Traditionally, yacon leaves are consumed alone in decoctions or combined with other leafy vegetables, and in Japan, often enjoyed with tea leaves. In the USA and Japan, yacon leaves are used to make dietary products, bread, and more for reduced-calorie or diabetic diets. Yacon leaves also support liver diets due to their hepatoprotective properties.

Folk Medicine

Yacon has long been used in traditional medicine for supporting the treatment of diabetes, body detoxification, liver protection, high blood pressure, constipation, inflammatory diseases of the bladder, kidneys, joints, and insomnia. Both tubers and leaves are frequently consumed for atherosclerosis, digestive issues (constipation), high cholesterol, and blood sugar. In Andean folk therapy, yacon is used to delay aging and support youthful appearance.

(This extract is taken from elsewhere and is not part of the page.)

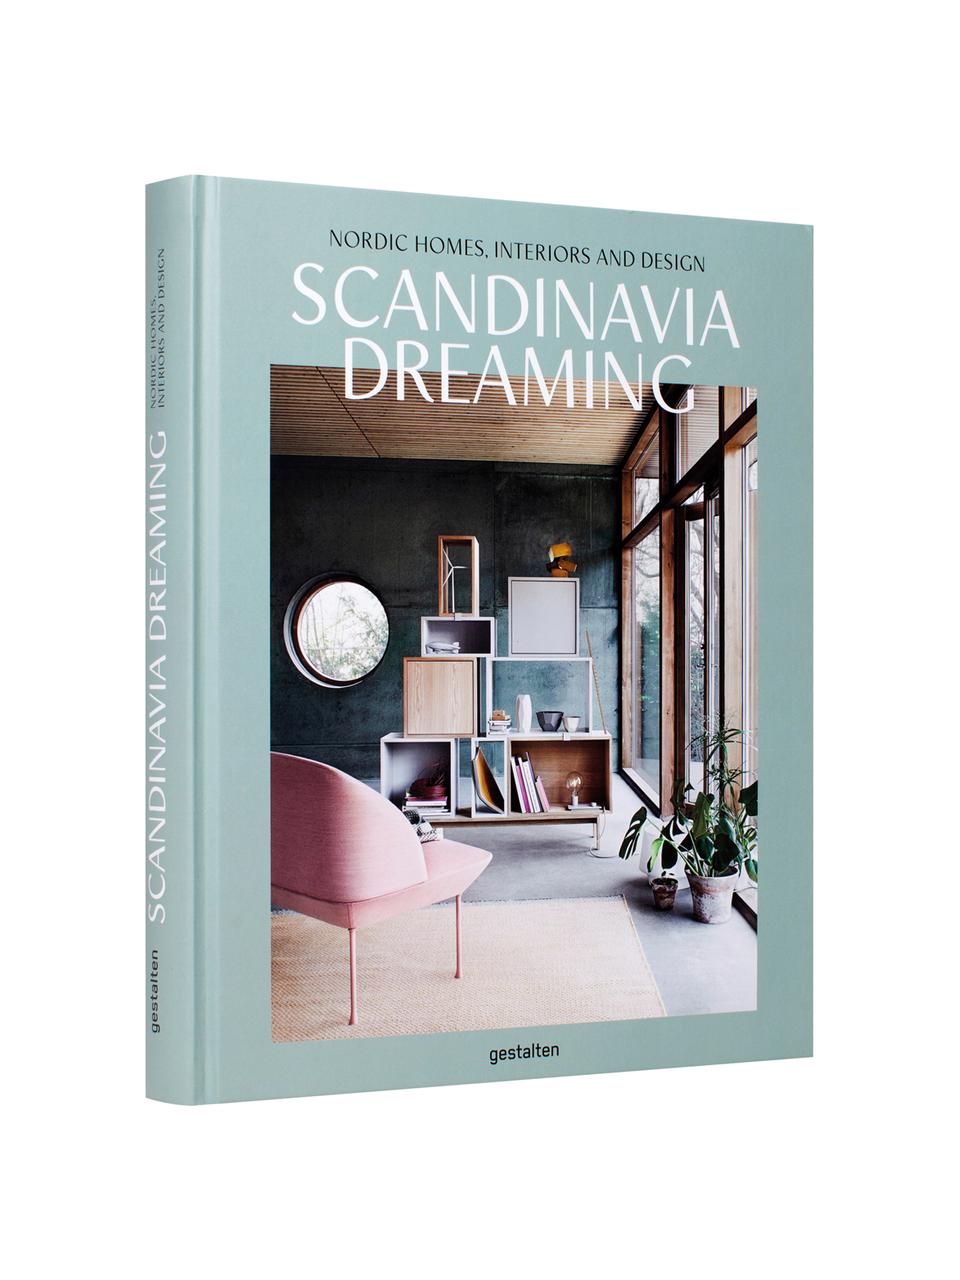 Geïllustreerd boek Scandinavia Dreaming, Papier, hardcover, Multicolour, B 24 x L 30 cm

Decoctions or dried yacon leaves are traditionally used against fungal infections, mycoses of the toes and nails, and for gargling with oral thrush. The antibacterial properties of yacon leaves make them useful for washing cuts, burns, scars, and abrasions. Internally, yacon leaf infusions help stabilize glycemia, lower blood pressure, and are consumed as antioxidants and hepatoprotectants.

Precautions

Overconsumption may lead to discomfort (abdominal pain, bloating, diarrhea) but is not life-threatening. To minimize breakdown of oligofructans into fructose—which could increase glycemia in large quantities—tubers should be kept cool and in the dark.

Active Compounds

Dried yacon tubers contain about 80% sweet fructooligosaccharides, 0.3–3.7% protein, and trace fiber. Per 100 grams, tubers provide about 81 g water, 14 g carbohydrates, 1 g protein, 0.9 g fiber, 200 mg potassium, 23 mg calcium, small amounts of magnesium, 0.2 mg iron, phosphorus, beta-carotene, vitamins A, B1, B2, C, about 20 amino acids, and various enzymes. Oligosaccharides (mainly inulin types) are not absorbed by the human body, serving as prebiotics instead. Energy value per 100 g is about 1,574 kJ or 373 kcal. Yacon leaves contain much higher levels—up to five times more—protein, fiber, calcium, phosphorus, iron, manganese, and zinc, plus catechol, terpenes, kaurenoic acid, diterpenes, gibberellins, melampolides, sonchifolin, polymatin, enhydrin, and flavonoids.

Traditional Dosage

Yacon root powder is taken 1–3 times daily on an empty stomach in doses of 2–5 g mixed with water. It is best blended with water in a 1:1 ratio to form a paste, which can then be further diluted to a smooth drink. Alternatively, 2–10 g of root can be steeped in 700–1,000 ml of cold water, brought to a boil for 5 minutes, allowed to stand, and sipped 1–3 times daily, 30 minutes before meals. For dried leaves, use 1–2 tablespoons per 750 ml water, bring to a boil and simmer for 5 minutes. Let stand, strain, and drink 2–3 times daily, about one cup per serving.